This has happened before and it happened again tonight. Apparently, my mash tun can create water out of thin air.
My mash water volume was 4 gallons, got 2.75 first runnings (close enough to expected).
My sparge water volume was 3.37 gallons, and I got 3.5 gallons back! Is it possible that after batch sparging and stirring around the grain, it somehow “unlocks” some extra water that didn’t come out during the first runnings?
No magic. I think that all the grain-water absorption takes place during the mash. So after you run off the mash water, the grains are saturated and don’t take on any more water. Your second runnings should be more or less the same volume as the sparge water you add.

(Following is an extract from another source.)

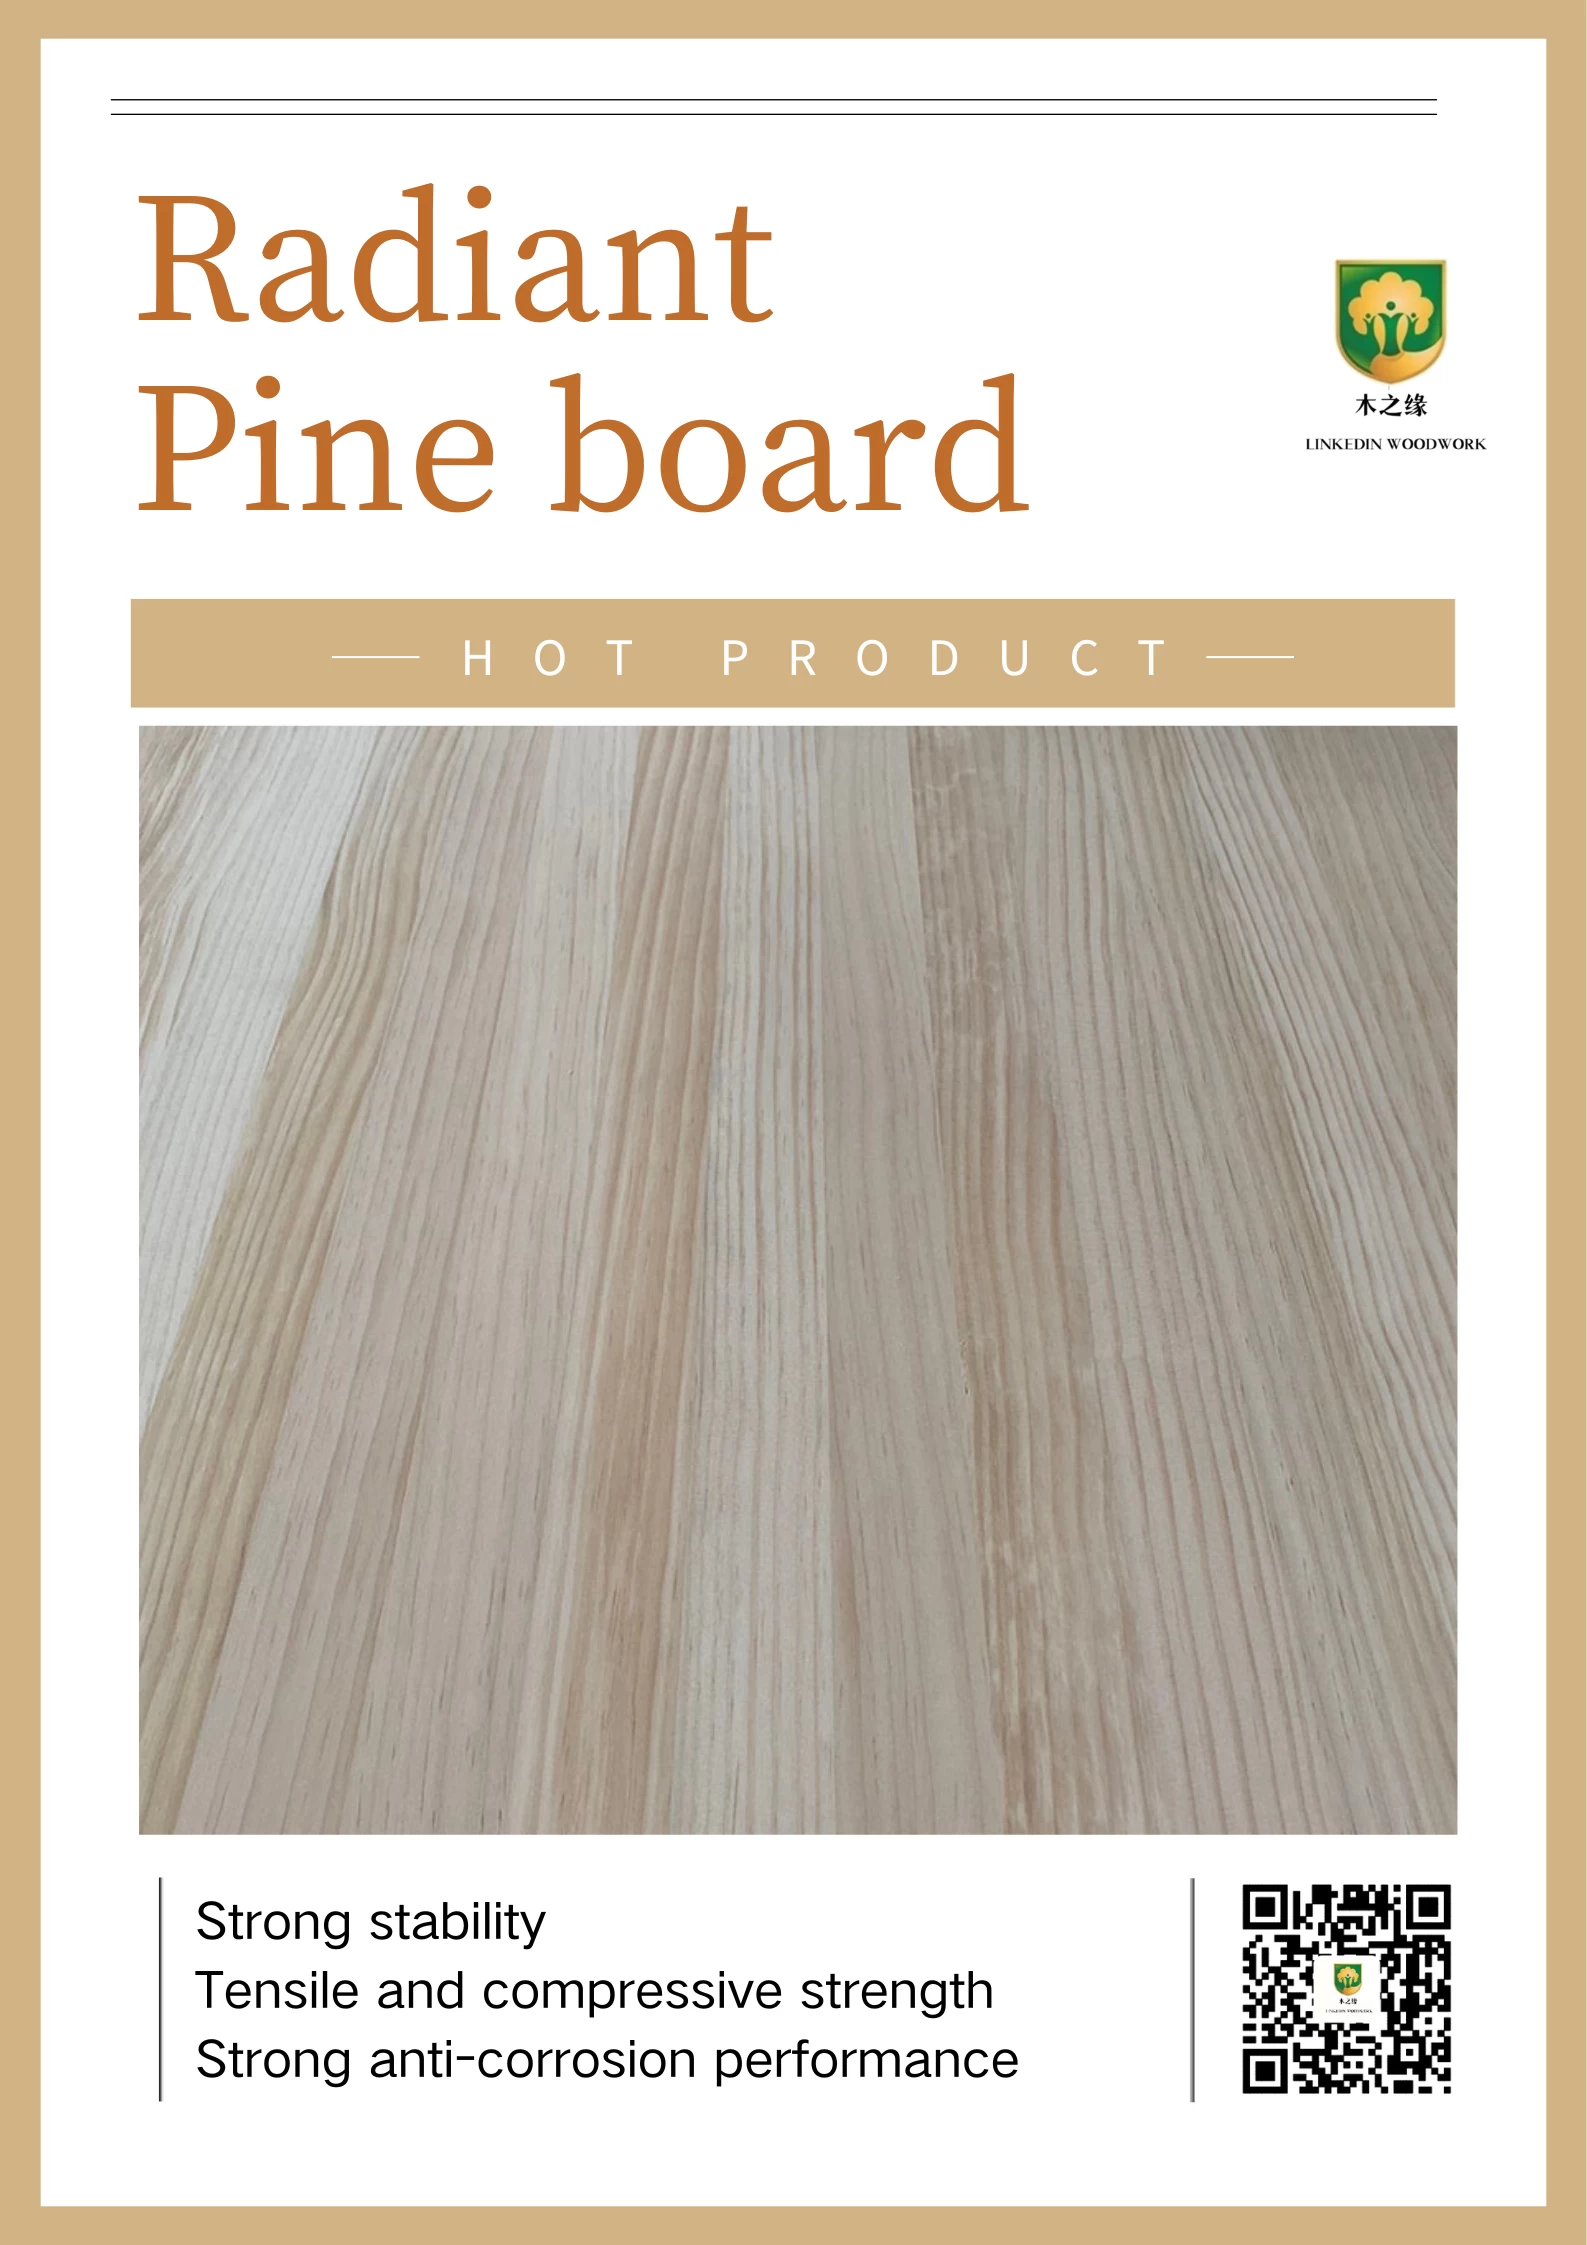 Heetste product – Radiata Pine massief houten planken!

+1. Sounds like the first runnings could’ve been drained a little more thoroughly too, explaining why the sparge amount came out a little higher than what was put in.
How would you do this? I use a Rubbermaid 10 gallon cooler and at some point, the wort stops flowing. Even if I tip it, there is no more liquid coming out.
it keeps coming out, just very very slowly. put the end of your runoff hose in a container while you go on with your brew and see how much more drains out over the course of an hour.
Sometimes my volumes are low. I have to close the valve, shake the cooler, and let it sit for a couple of minutes before collecting the last bit of wort. Stirring the grain around also helps to free any wort however that kind of defeats the purpose of establishing the grain bed.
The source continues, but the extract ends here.